● **GIVEN INFORMATION**
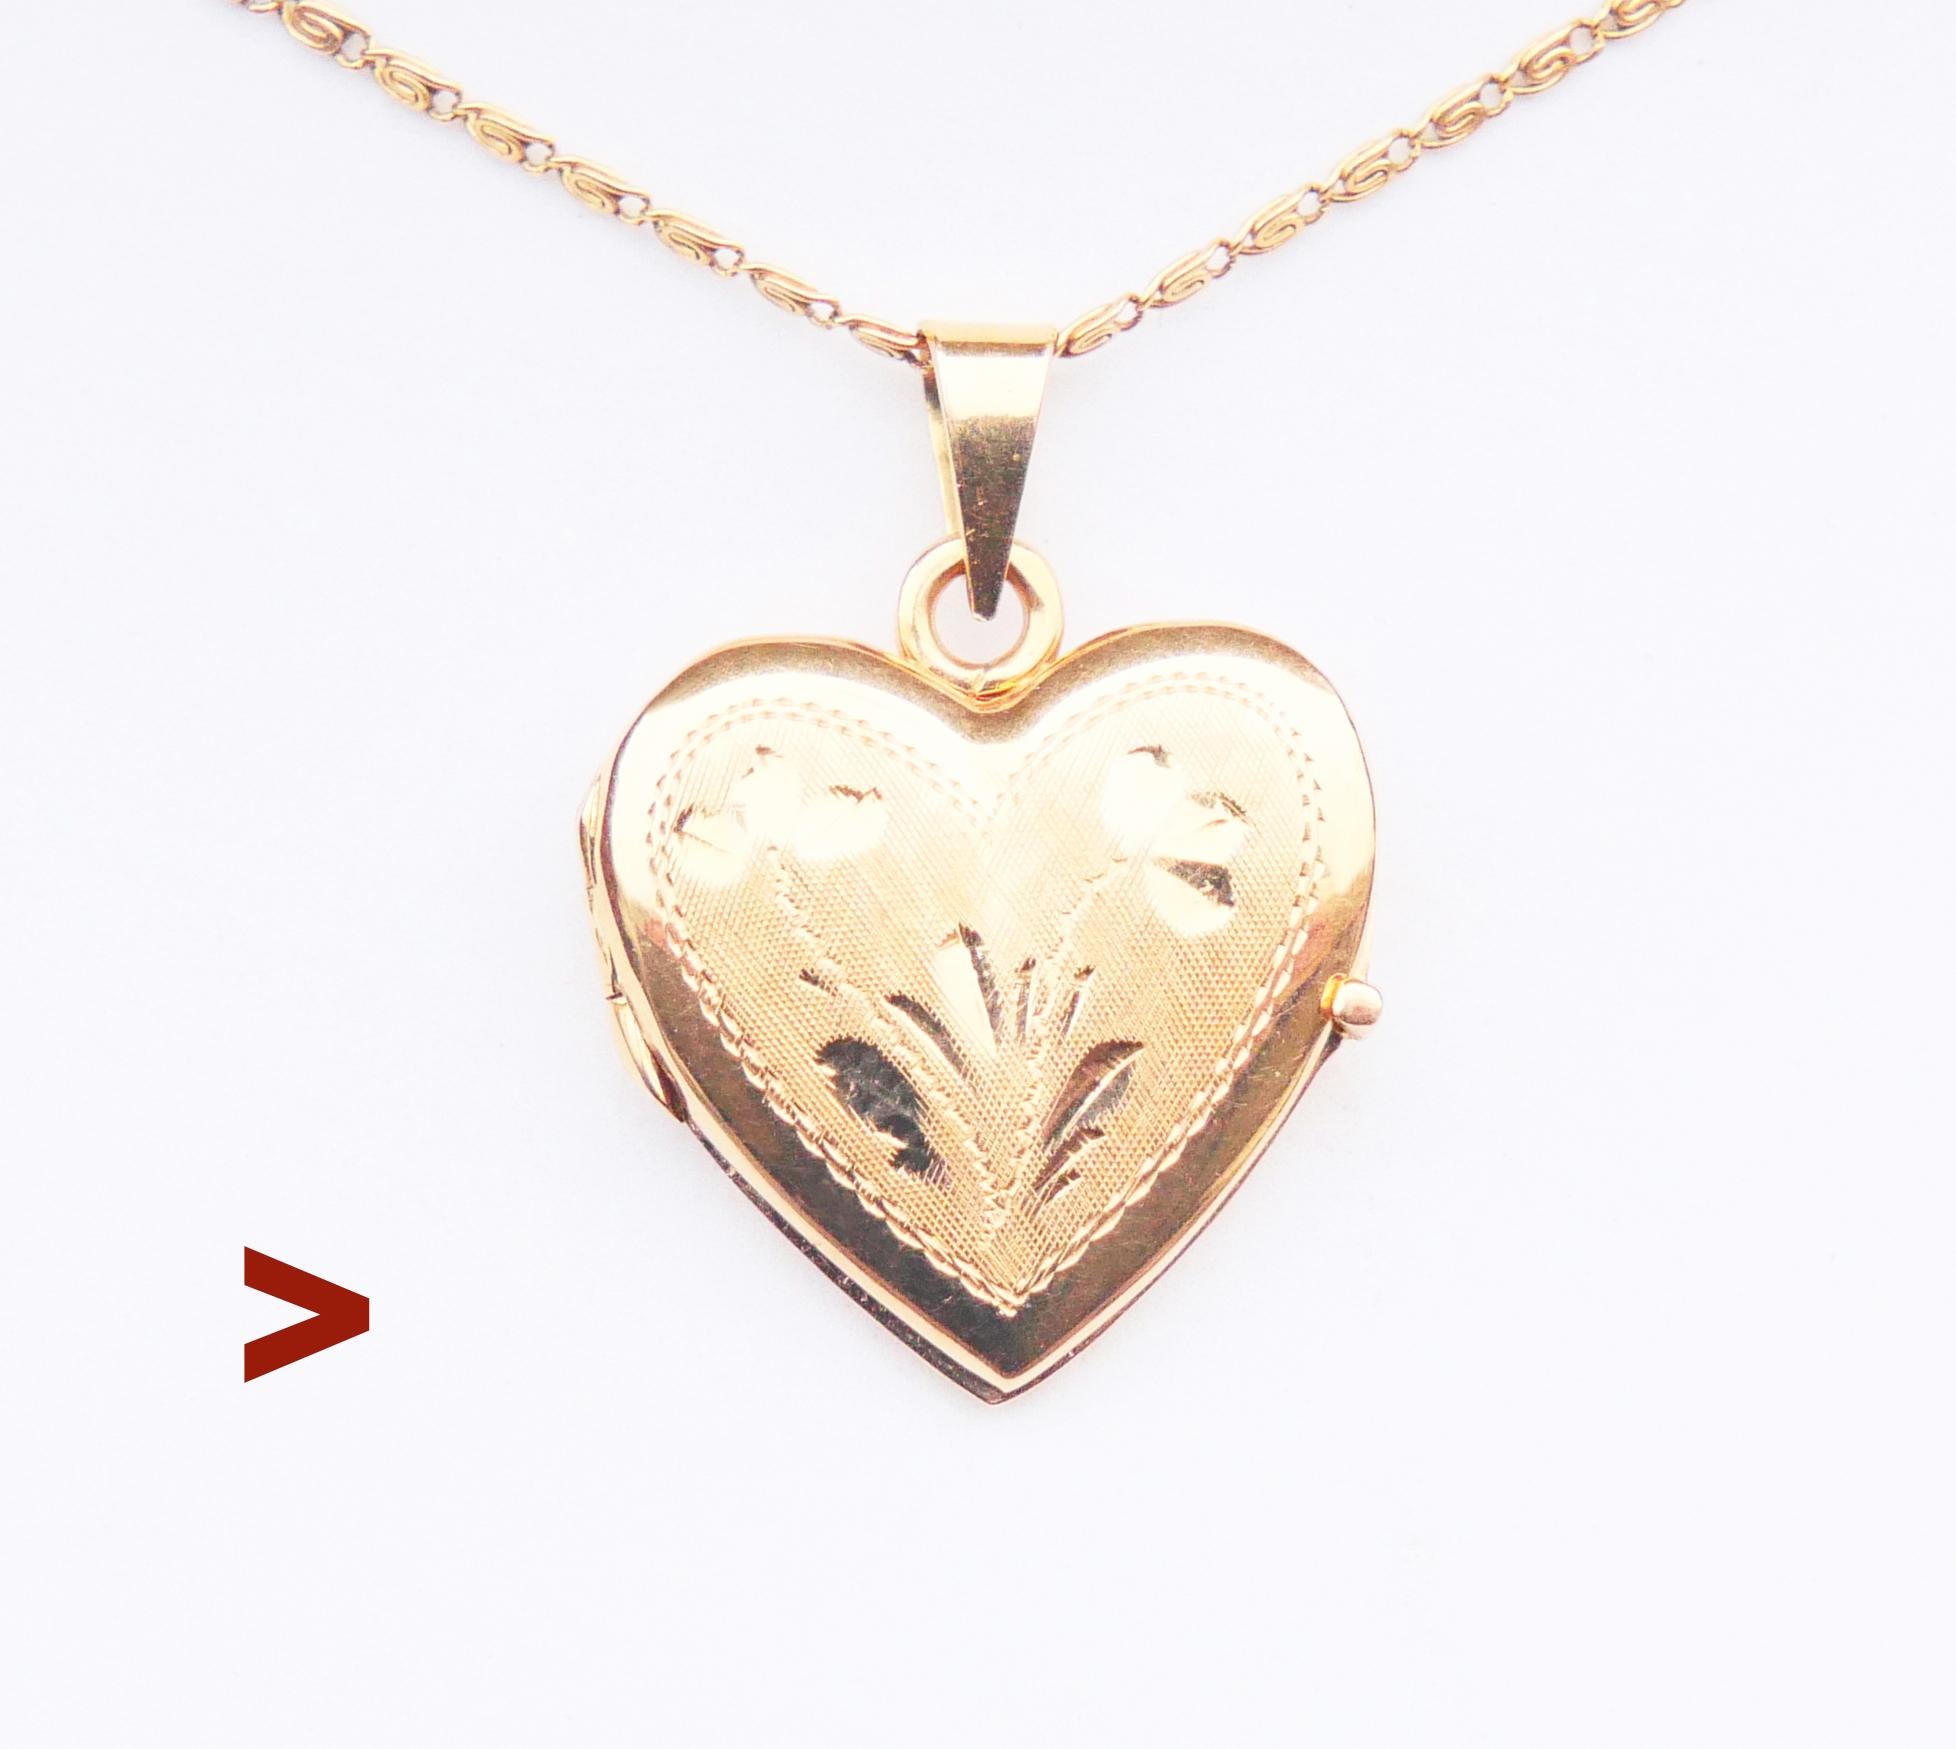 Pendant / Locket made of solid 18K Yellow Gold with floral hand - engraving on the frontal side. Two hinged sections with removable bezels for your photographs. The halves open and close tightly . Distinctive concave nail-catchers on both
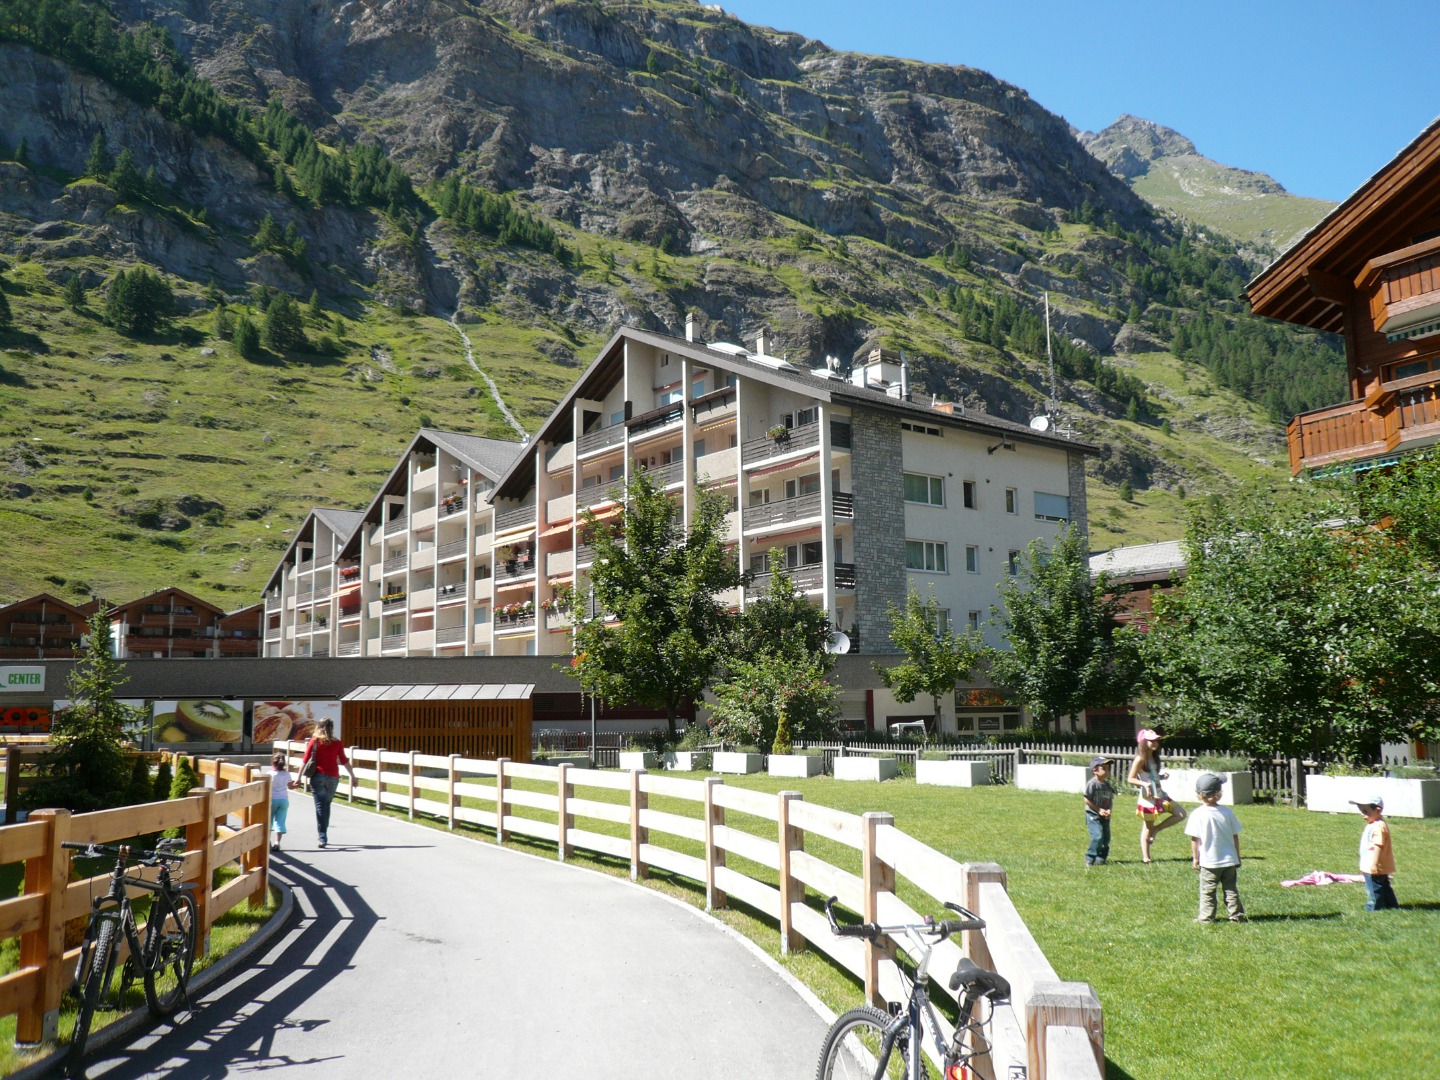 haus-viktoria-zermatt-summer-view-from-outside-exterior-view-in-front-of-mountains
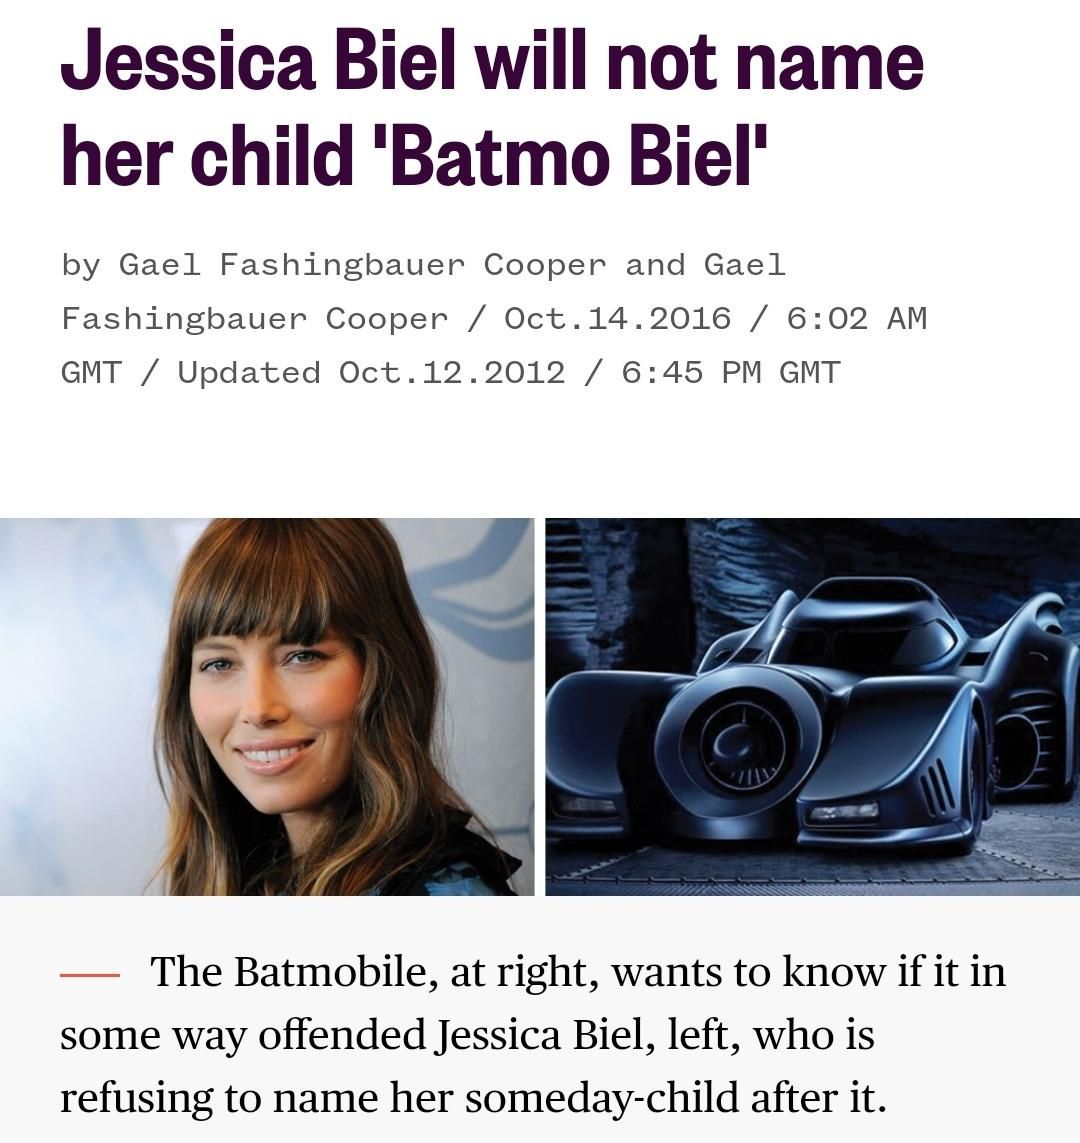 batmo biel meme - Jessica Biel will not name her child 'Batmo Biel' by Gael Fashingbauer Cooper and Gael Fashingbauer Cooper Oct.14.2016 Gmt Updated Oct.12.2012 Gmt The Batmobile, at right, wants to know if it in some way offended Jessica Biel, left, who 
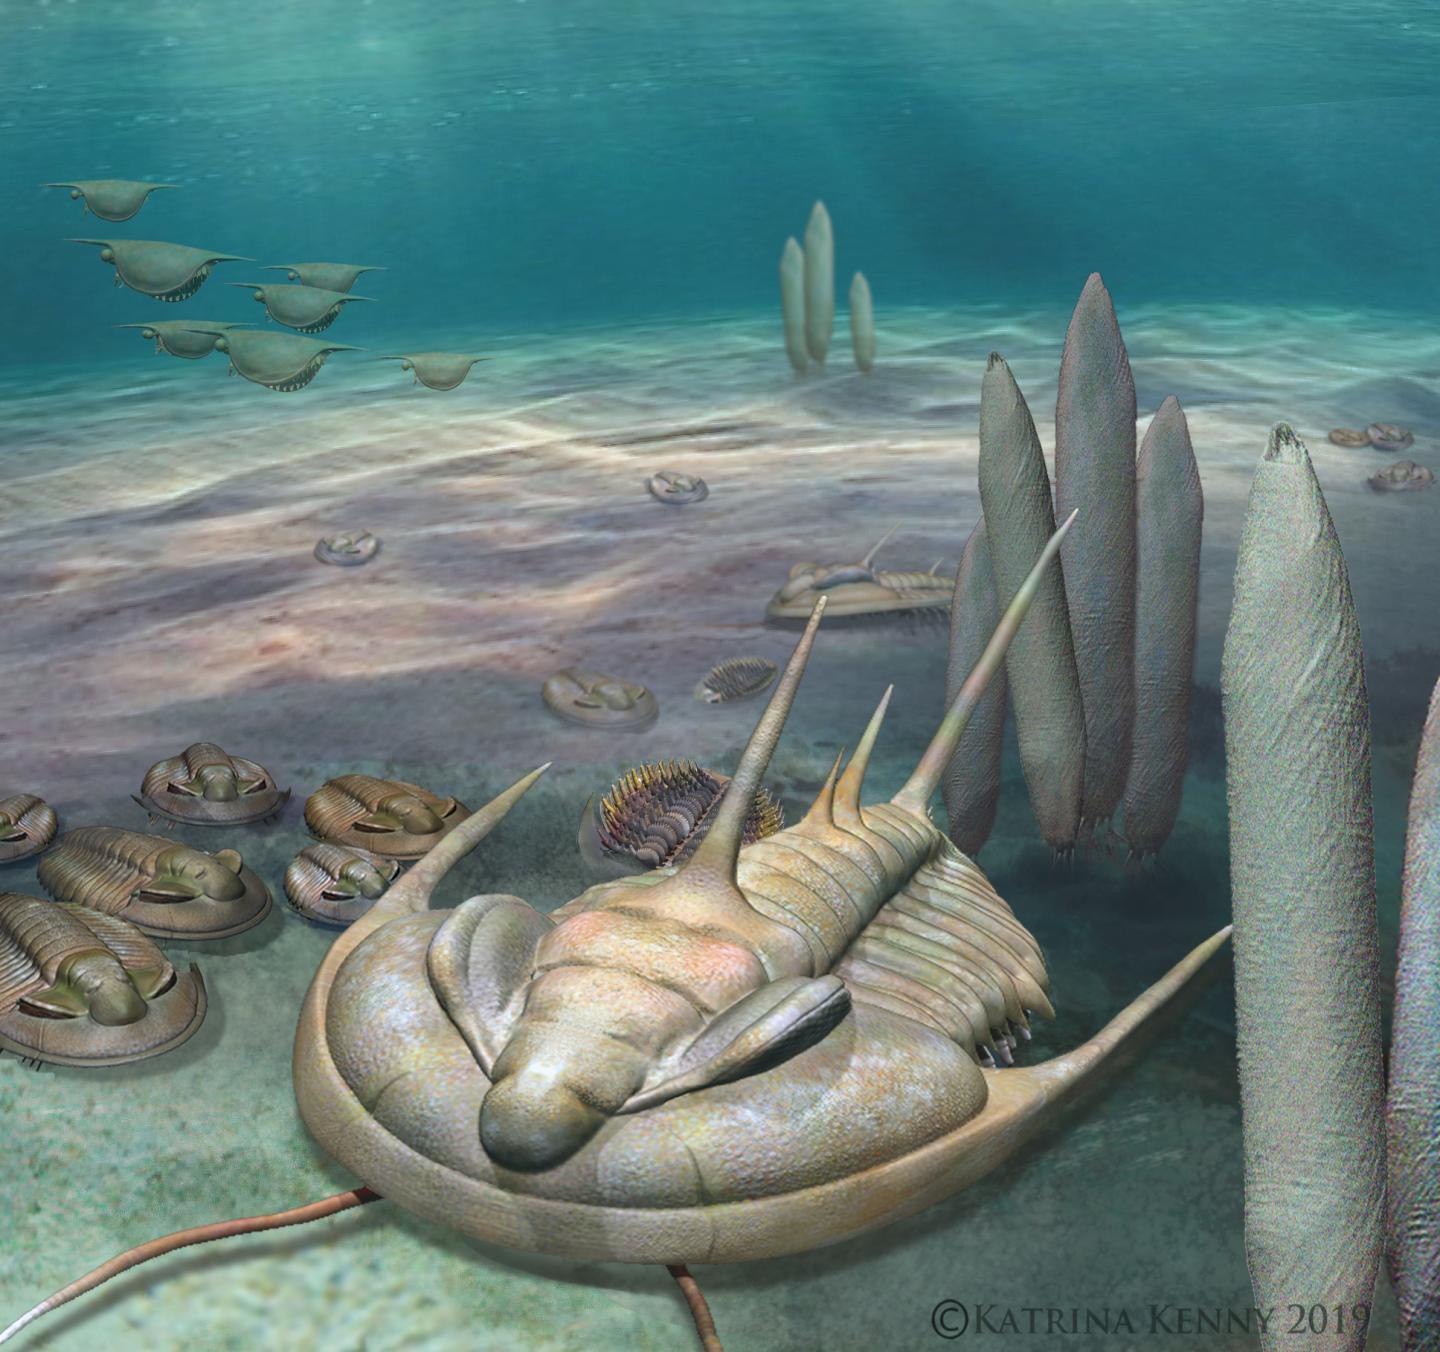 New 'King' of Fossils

● **WHAT IS BEING ASKED**
Reprint the listing above exactly, without images.

● **REPLY TO THE TASK**
 Pendant / Locket made of solid 18K Yellow Gold with floral hand - engraving on the frontal side. Two hinged sections with removable bezels for your photographs. The halves open and close tightly . Distinctive concave nail-catchers on both
 haus-viktoria-zermatt-summer-view-from-outside-exterior-view-in-front-of-mountains
 batmo biel meme - Jessica Biel will not name her child 'Batmo Biel' by Gael Fashingbauer Cooper and Gael Fashingbauer Cooper Oct.14.2016 Gmt Updated Oct.12.2012 Gmt The Batmobile, at right, wants to know if it in some way offended Jessica Biel, left, who 
 New 'King' of Fossils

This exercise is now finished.